Kosovo's poisoned generation
Kosovo Roma, expelled from their homes by ethnic Albanian extremists, are facing Europe's worst ever lead poisoning.
(Nick Thorpe, BBC) Wednesday, January 14, 2009
A small child is sweeping the yard outside her home - anywhere else the scene would be touching - but here in the Cesmin Lug refugee camp in northern Kosovo, it is tragic.
The children are sick with lead poisoning.
The camps were built close to the Trepca lead mine and smelting works.
The factory was closed by order of the UN administration in Kosovo, in 2000. But the slag heaps were never cleaned up.
The lead blackens the children's teeth, blanks out their memory, and stunts their growth.
The children swing between bursts of nervous hyperactivity, and something like a coma.
Some have epileptic fits.
"Every child conceived in these camps will be born with irreversible brain damage," says Paul Polanski, a US human rights activist based in Nis, Serbia.
"Everyone talks about resettlement, but that's not the problem, the problem is medical treatment."
Dangerous levels
Mr Polanski claims 77 people have died in Cesmin Lug and another nearby town, Osterode, mainly through complications from lead poisoning.
The local UN administration in Mitrovica sees him as a trouble maker.
Lead in the blood is measured in micrograms per decilitre.
"This is the worst ever lead poisoning that we know of in Europe," said Dorit Nitzan, head of the World Health Organization (WHO) regional office in Belgrade.
"We are talking in the tens - 40-50 mg/dl, more than a 100 in the blood... really high levels."
In 2004, the WHO recommended the evacuation of Cesmin Lug, and two more Roma camps at Kablare and Zitkovac.
All had been set up by the UNHCR in 1999 as a temporary measure, when the Roma Mahalla, on the southern shore of the Ibar River, was burnt down by Albanians in the dying days of the conflict over Kosovo.
In 2006, Kablare and Zitkovac were closed down, and the Roma from there moved to Osterode, a former French army base.
It was polluted by lead too, but after the topsoil was removed and concrete put down, the WHO classified it as "safer" than before, and about 600 Roma, including some from Cesmin Lug, moved in.
Some children began medical treatment, known as "chelation" - to clear the lead from the blood - sponsored by the WHO.
But the success of the treatment assumes that the children have been removed from the source of the pollution - that assumption remains a source of controversy today.
Who is responsible?
In Cesmin Lug, children go barefoot, even in winter, on the polluted earth.
In Osterode there is concrete, running water, and indoor toilets, but still the wind blows the deadly dust through the air.
In May 2008, the UNHCR handed responsibility for the camps to Kosovo.
"It was quite a shock," says Sasa Risic, the minister for communities and returns.
"We were told to solve, immediately, a problem which the UN had not been able to solve for nine years."

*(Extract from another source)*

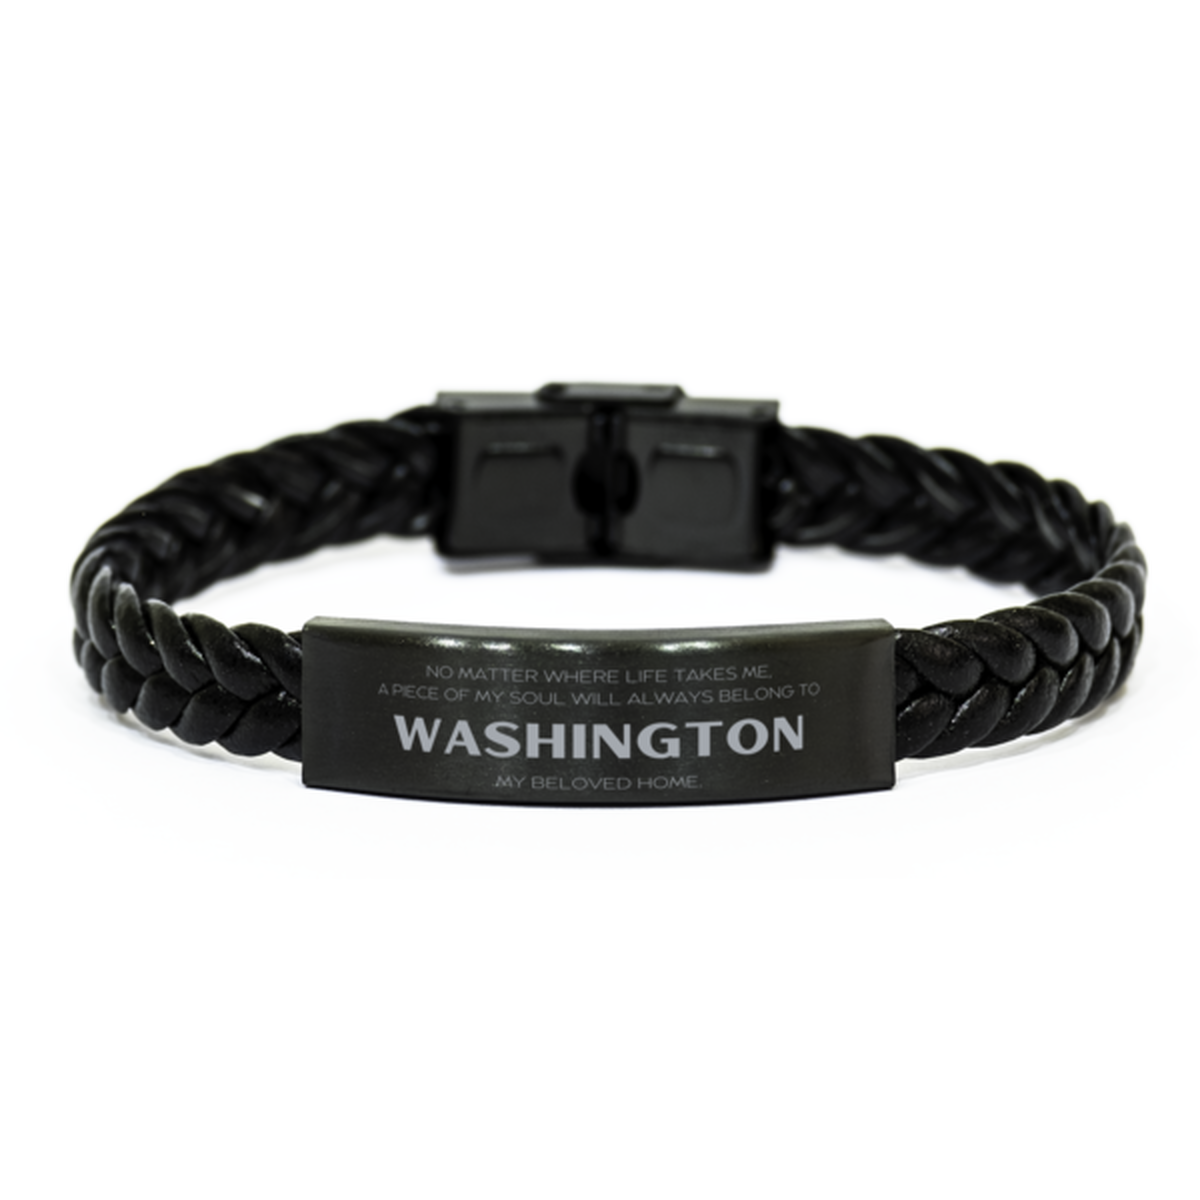 Love Washington State Gifts, My soul will always belong to Washington, Proud Braided Leather Bracelet, Birthday Unique Gifts For Washington Men, Women, Friends

The UNHCR turned down our request for an interview, on the grounds that administration of the camps belonged to the UN Mission in Kosovo, Unmik.
"The main culprit is always Unmik, or the UN, but it's not true," said Gyorgy Kakuk, outgoing spokesman of Unmik in northern Mitrovica.
So what can Unmik fairly be blamed for? I asked.
"Our responsibility over the years," he replies carefully, "lies in the fact that we were not tough enough, in bringing those people back, from the beginning."
"We always withdrew when we faced resistance."
Resistance came from two sources.
One was the local council in Albanian-run southern Mitrovica, which delayed the rebuilding of the Roma Mahalla, where the gypsies lived before 1999; the other was the Roma in the camps themselves.
Today, the rebuilding of Roma Mahalla in southern Mitrovica, funded by the Dutch and Norwegian governments, is proceeding slowly.
In Phase 1, some 400 Roma returned, but Phase 2 has not yet started.
The US government has also launched a new project to re-house 50 families from Cesmin Lug - but there are complications.
Some Roma at Cesmin Lug told me they were afraid to leave the Serb-controlled north, for the Albanian-majority south, because they feared they would lose their welfare payments - which were still paid by Belgrade.
Others said they would not feel safe living among Albanians again, after what happened in 1999.
Later this month, the WHO will make their next fact-finding visit to the camps.
As a wintry sun sets over the slag heaps, the children sing a nursery rhyme some say dates back to the time of the Great Plague in England.
"Ring a-ring o'roses, a pocket full of posies. A-tishoo! A-tishoo! We all fall down."